TASK DESCRIPTION:
Give again only the lines from the line that holds "Nóng bỏng tay" to the end of the data, inclusive, omitting all pictures.
*** COLLECTED DATA ***
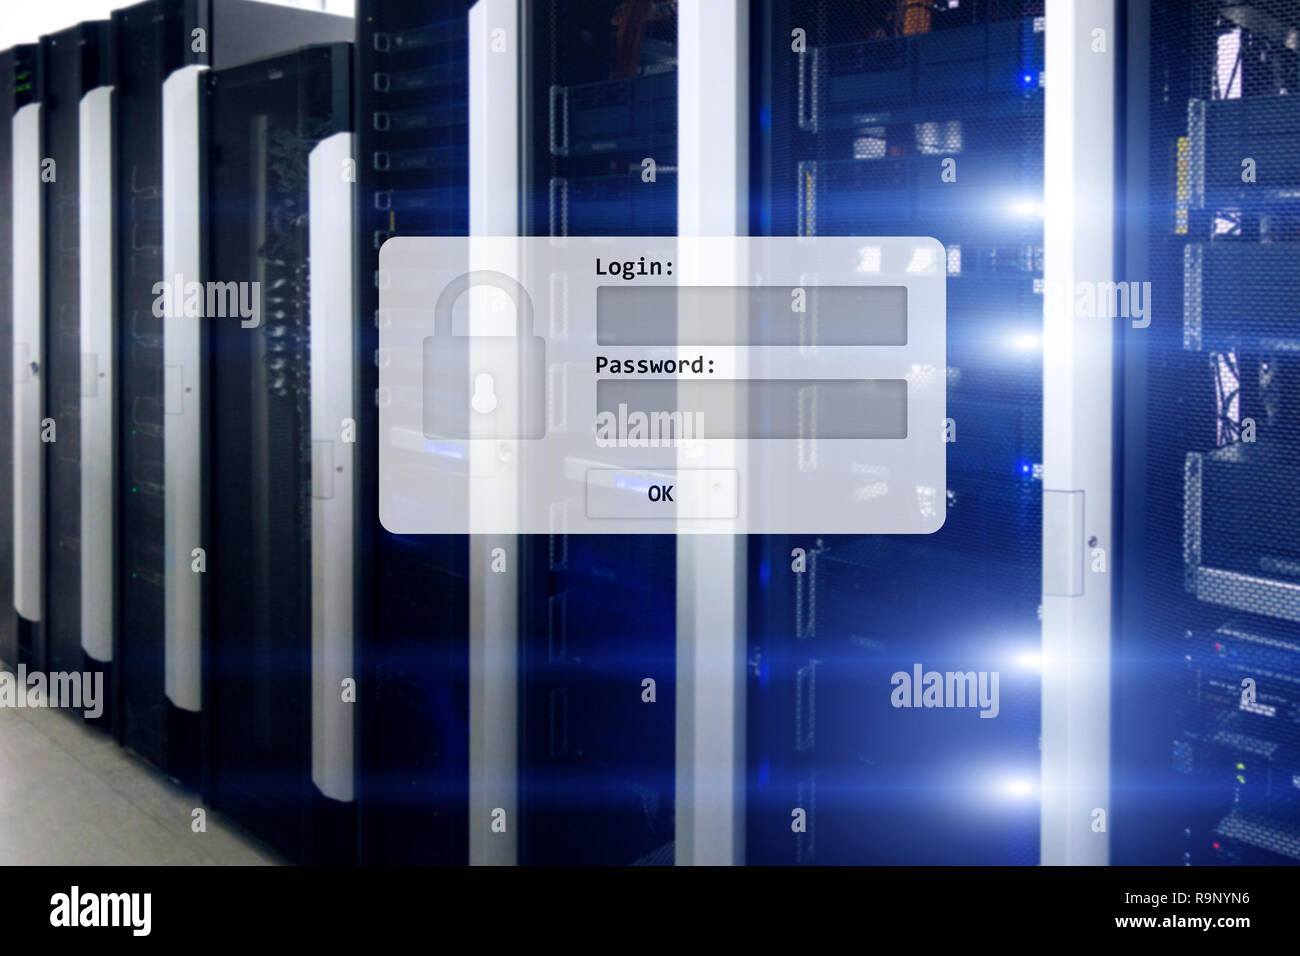 La sala server, login e password richiesta, accesso ai dati e la loro sicurezza. Foto Stock
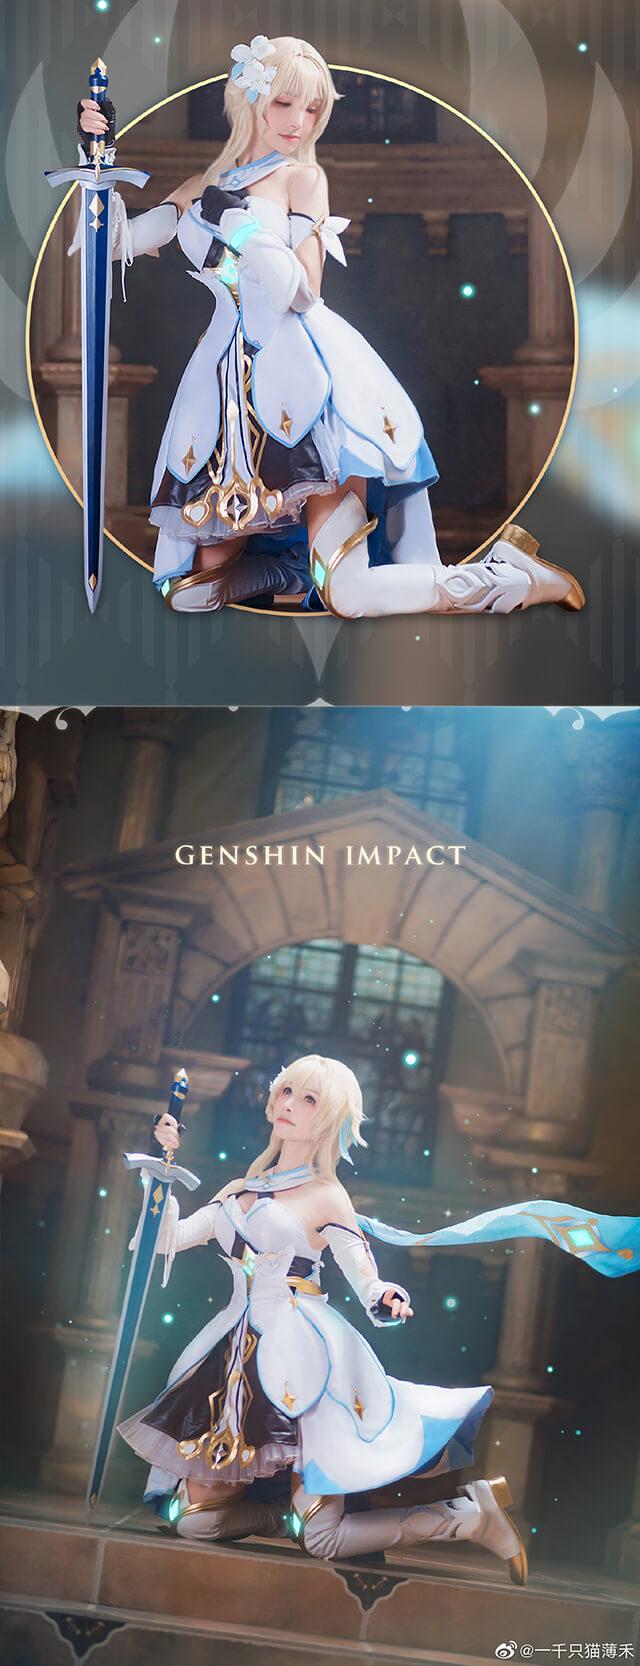 Nóng bỏng tay với bộ ảnh cosplay Lumine trong Genshin Impact - Game thế giới mở hot nhất hiện nay - Ảnh 6.
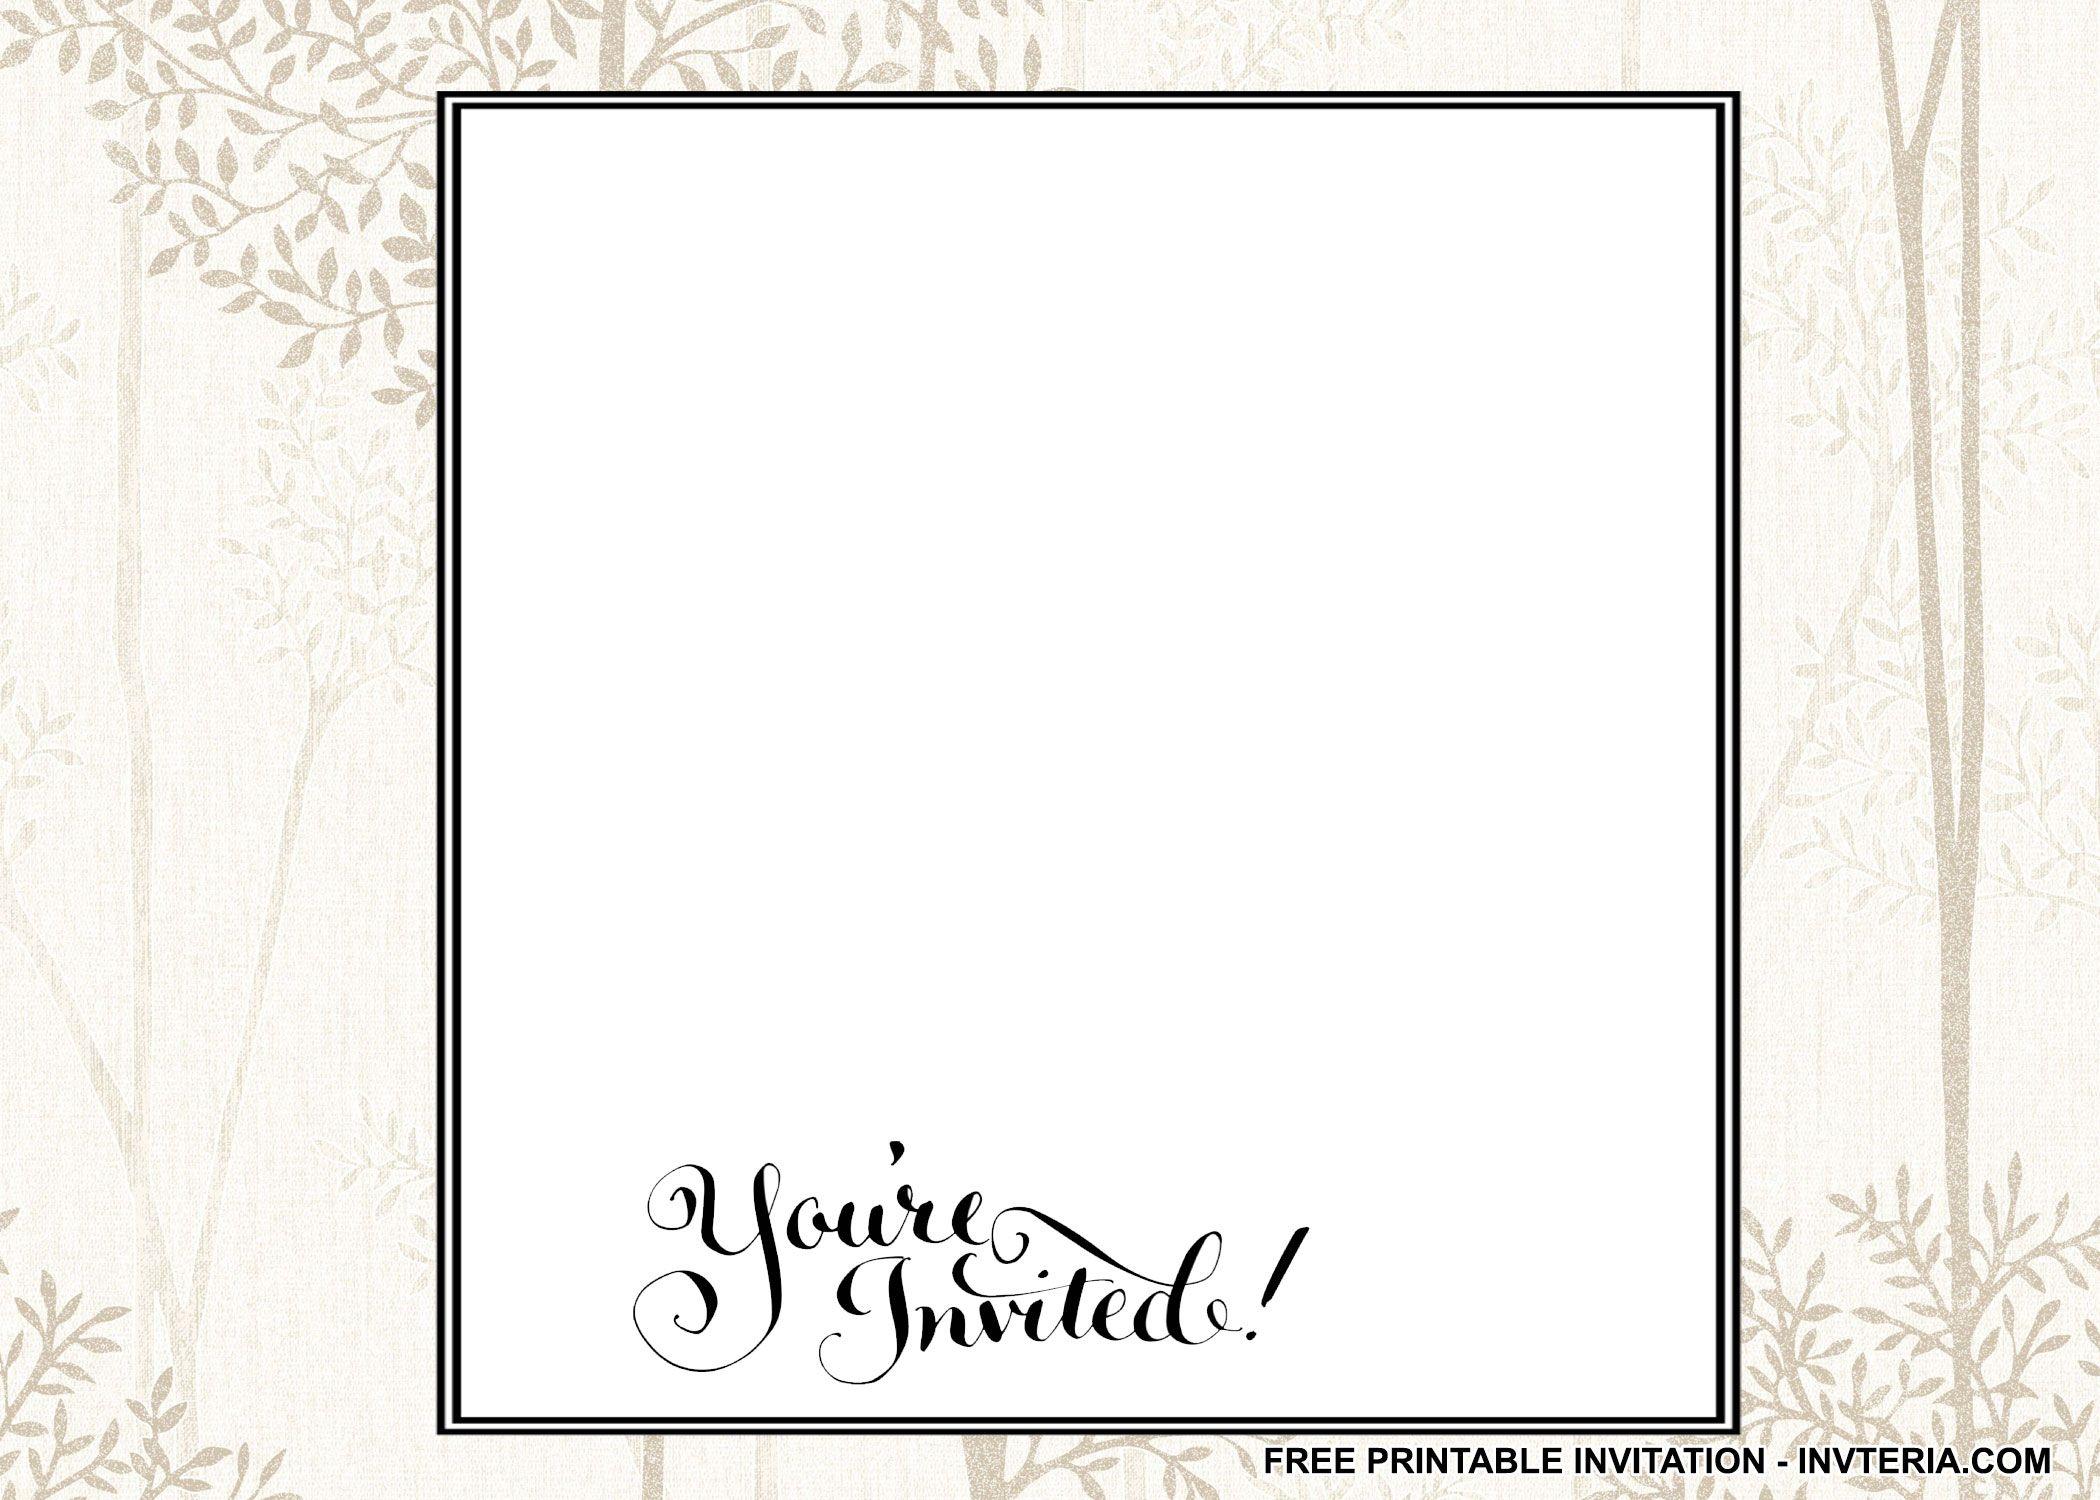 Fine Free 30th Birthday Invite Wording Idea Invitation Birthday In
*** End of COLLECTED DATA ***
RESPONSE:
 Nóng bỏng tay với bộ ảnh cosplay Lumine trong Genshin Impact - Game thế giới mở hot nhất hiện nay - Ảnh 6.
 Fine Free 30th Birthday Invite Wording Idea Invitation Birthday In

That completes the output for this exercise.